Тот кивнул, с победоносной усмешкой погладил черные усики, вытащил сигарету и пояснил:
— Ночь — твоя, а утром ты пойдешь со мной!
— Будь по-твоему! Ночь моя, и я подарю ее всем, кого любила и кто любил меня в сто, в тысячу раз больше, чем ты, Мирко! — Она почувствовала себя невероятно богатой. Ей казалось, что весь мир принадлежит ей и она может щедро швырять жизнь, ни капельки не жалея. И она швыряла, хотя никогда в жизни не была такой нищей, как в этот миг, такой потерянной, такой маленькой, такой одинокой среди тех, кто ее любил и ждал от нее спасения, которое на самом деле было необходимо только ей одной.
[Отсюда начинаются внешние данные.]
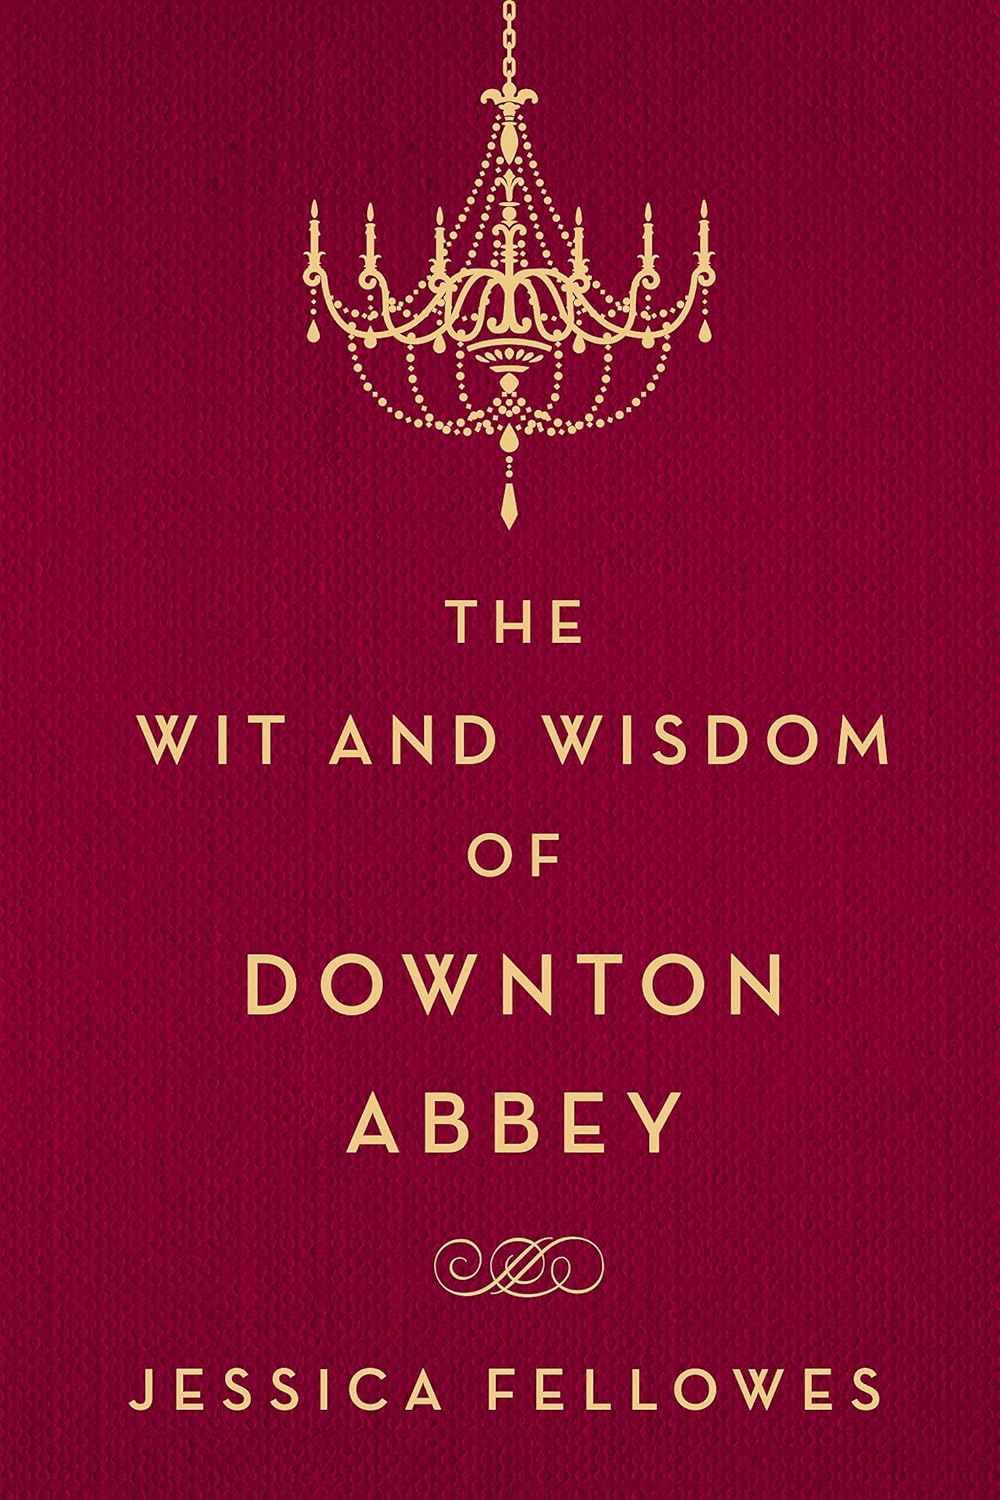 Downtown Abbey Book

Преодолевая боль в сердце, душившую ее, она воскликнула: — Пойте, пейте, давайте танцевать до упаду, включите самую веселую музыку! Потому что,
КОГДА НАСТУПИТ УТРО,
каждый пойдет отсюда своей дорогой, как ему суждено. И больше мы уже не встретимся.
— Вначале скажи, с кем ты пойдешь! — потребовал Яка.
— Утром, художник, утром, — Минка отвела его протянутые руки. Она вся пылала, такой он ее никогда не видел, и такая она влекла его сильней, чем прежде. Мирко поспешил налить в фужеры пенящееся вино и поднял свой:
— Давайте выпьем!
— Выпьем! — откликнулась Минка весело. — За все прекрасное, за все доброе, что есть на свете, и за всех маленьких людей, которые так хотят жить по-человечески и не могут!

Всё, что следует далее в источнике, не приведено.